▶
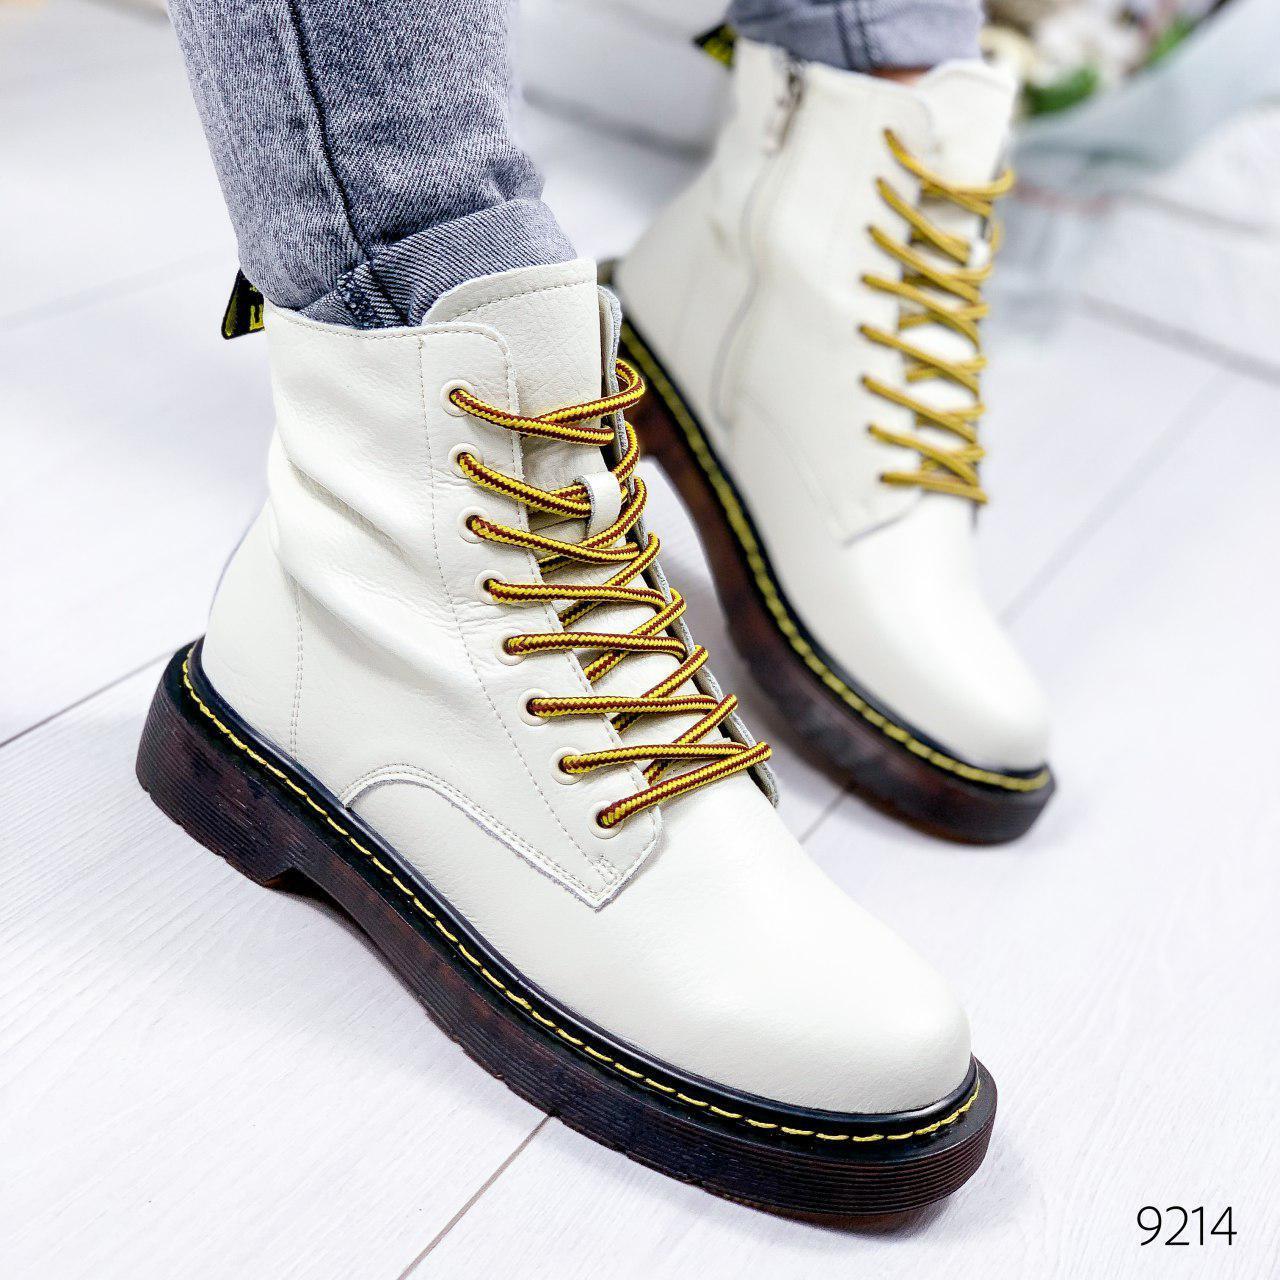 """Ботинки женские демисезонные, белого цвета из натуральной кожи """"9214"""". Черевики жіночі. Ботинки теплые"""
◀
▶
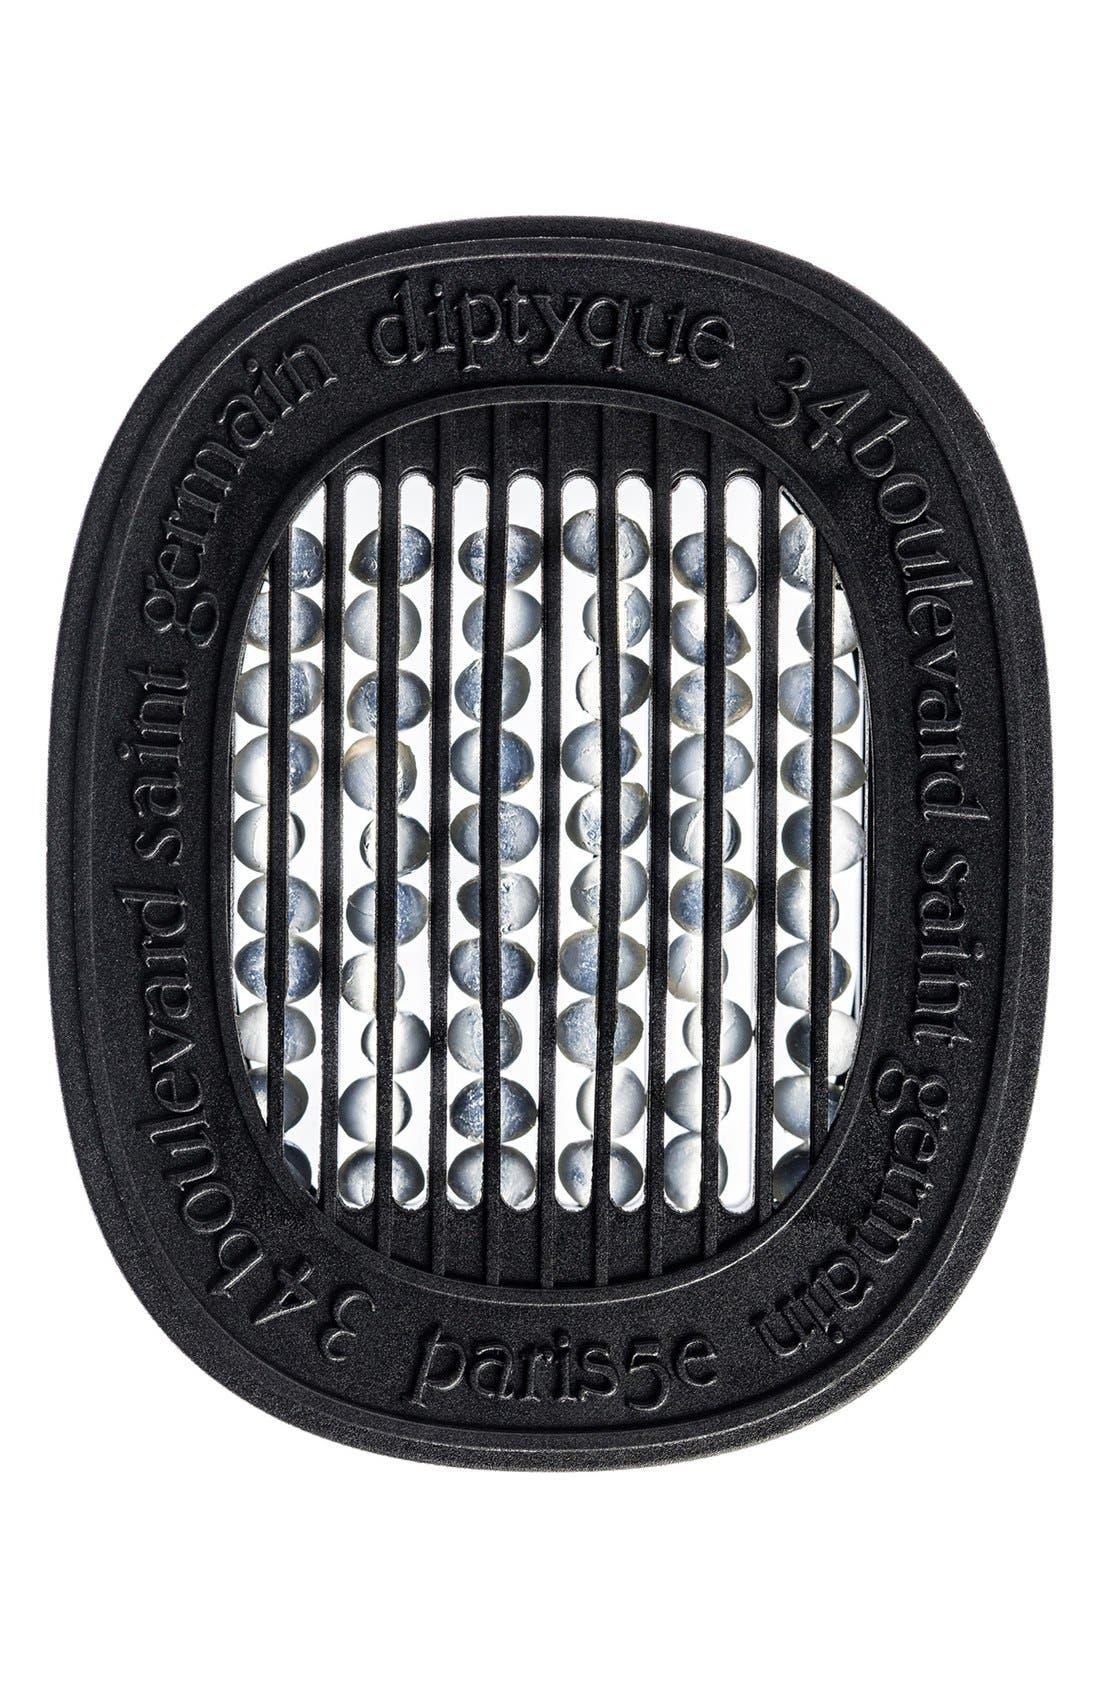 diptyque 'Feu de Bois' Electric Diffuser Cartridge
◀
▶
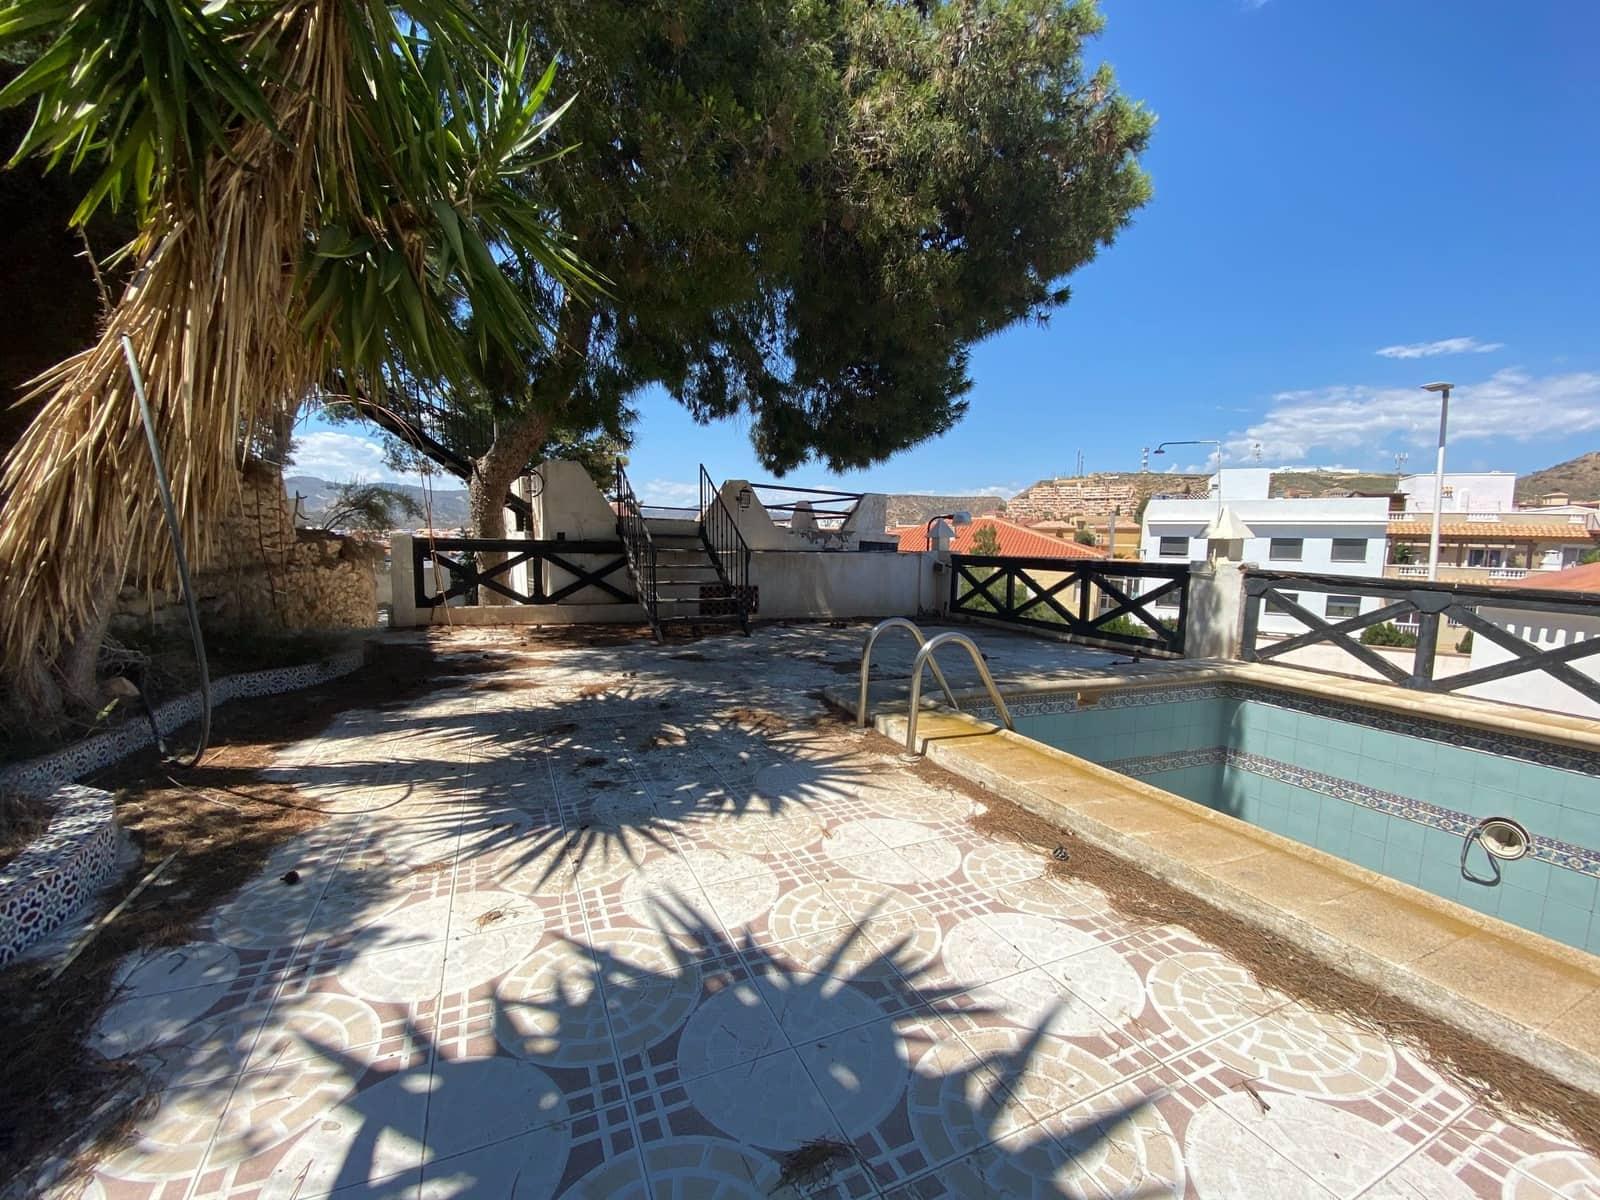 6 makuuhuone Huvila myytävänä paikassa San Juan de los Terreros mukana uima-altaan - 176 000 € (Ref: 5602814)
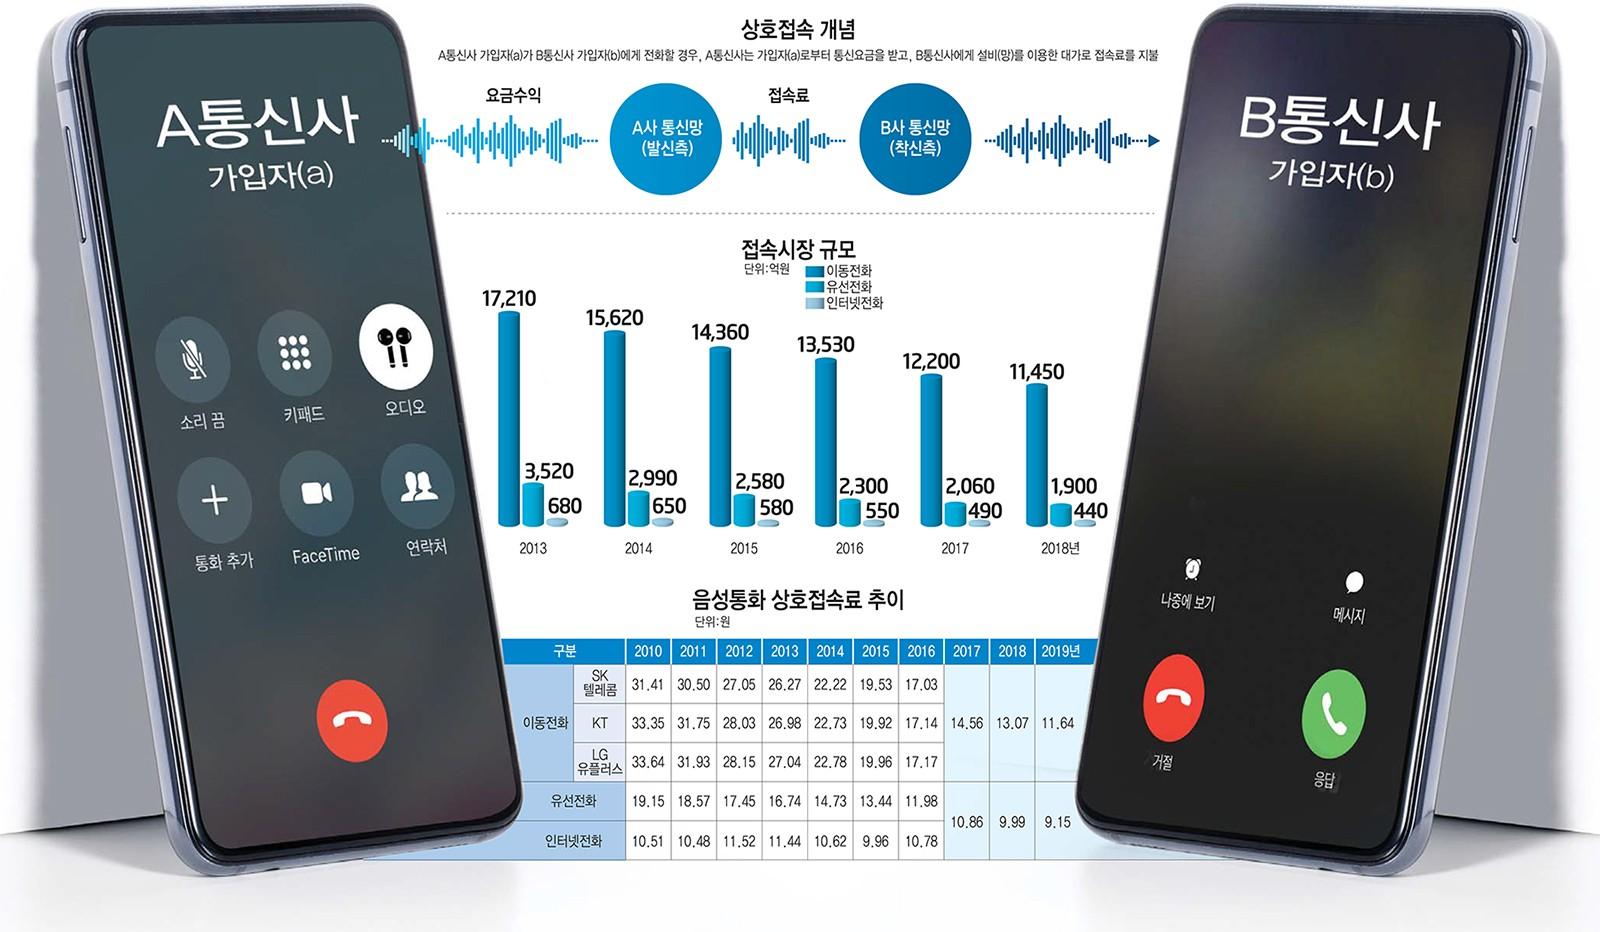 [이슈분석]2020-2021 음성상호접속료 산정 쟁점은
◀
_PROBLEM_. Look above for the line with "6 makuuhuone Huvila" and the line with "[이슈분석]2020-2021 음성상호접속료 산정 쟁점은", then copy them and all lines in between exactly as written, and only those, without any pictures.

_FINISHED EXERCISE_.
 6 makuuhuone Huvila myytävänä paikassa San Juan de los Terreros mukana uima-altaan - 176 000 € (Ref: 5602814)
 [이슈분석]2020-2021 음성상호접속료 산정 쟁점은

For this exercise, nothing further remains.